At the age of five I learnt I could crawl under and find myself in the middle. I was sheltered from the wind, the rain and more importantly from the constant squabbles between my brothers, sisters and the street children who lived on our estate.

As I grew the bushes grew, and so I could still head from my hiding place when noise and trouble hit our family with the force of a tsunami.
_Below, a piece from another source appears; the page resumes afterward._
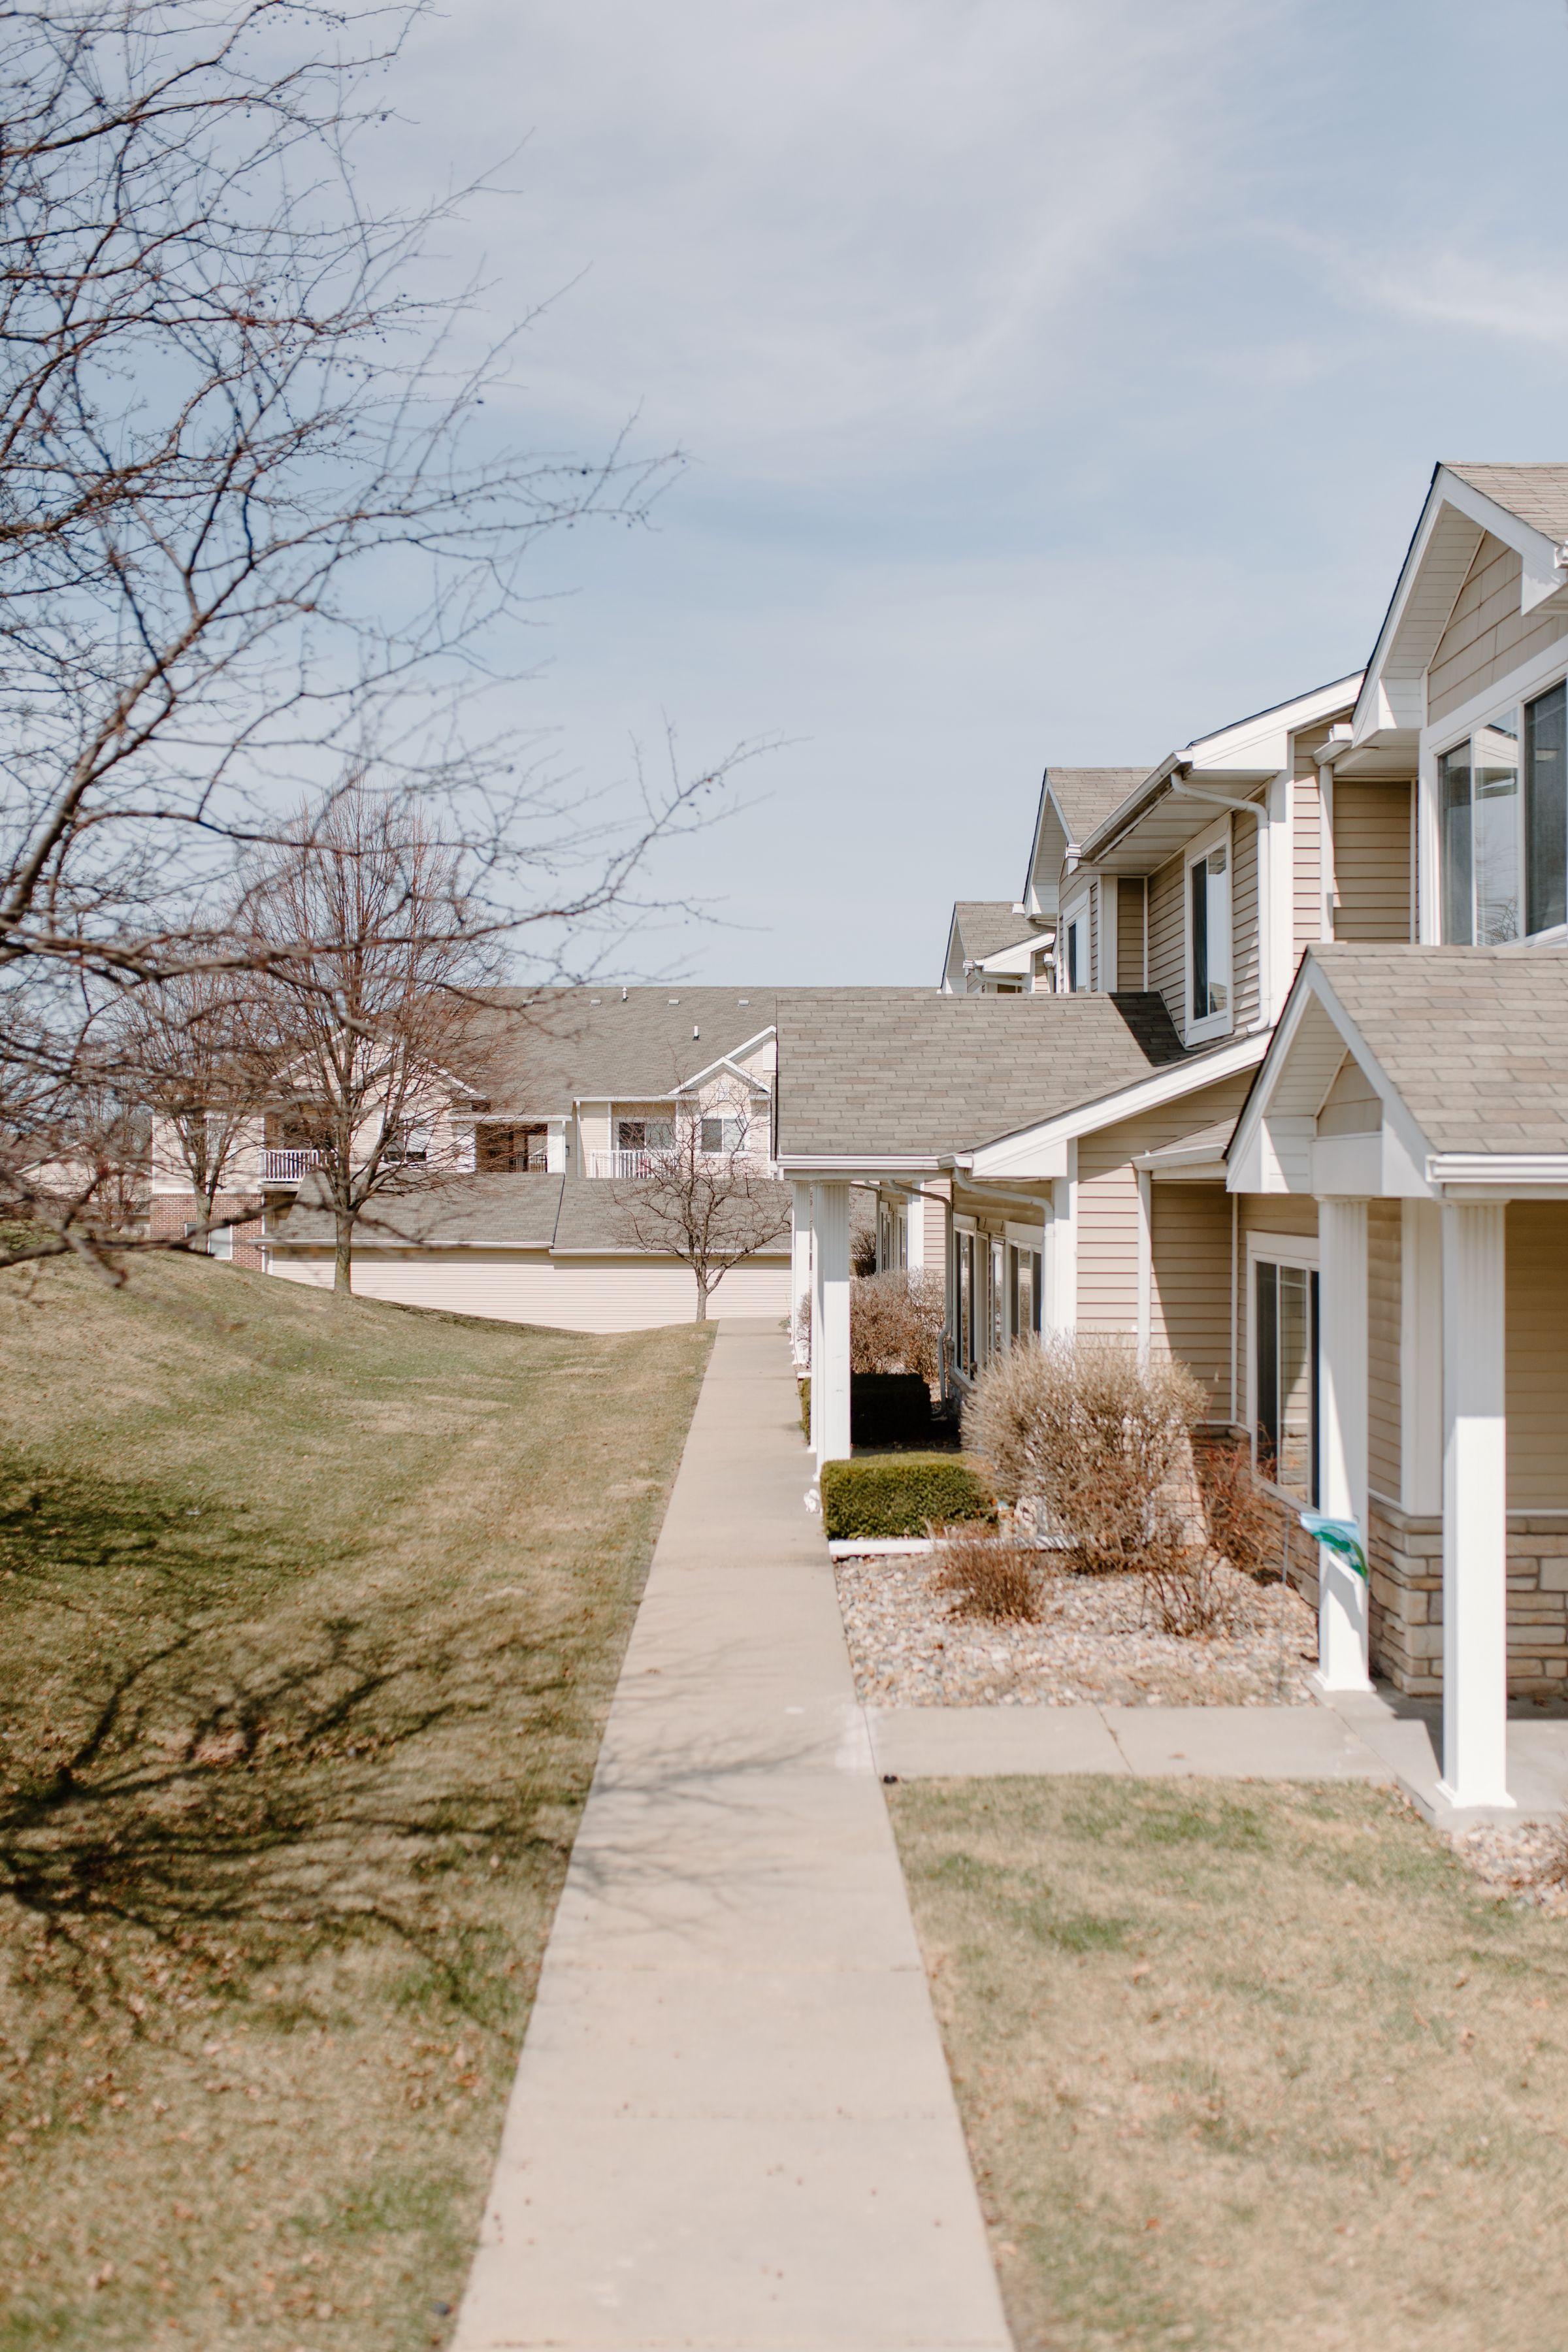 residential-polk-county-iowa-0-acres-listing-number-15418-2-2021-03-22-162126.jpg

My brother was arrested for drug dealing and then my older sister was taken in to care for trying to sell drugs at school. My father gambled and my mother worked harder and harder to pay the bills and feed us.

Whenever, family life became too much or I just didn’t want anyone to find me I would escape with a book. I read about princesses and dragons and finding wands that would transport me to magical places. I always wanted to be the dragon. The type of creature that could defend itself and its kingdom.

Then one day I came back from school and found that we’d been evicted. I was taken in to care and couldn’t even say goodbye to the nest I’d built in the garden. It was may refuge, a tiny island in a sea of uncertainty.

Only later I discovered that the island hadn’t left me, because it was still there. In my bleakest moments my imagination can fly me back to the sense of calm and safety I found there as a child.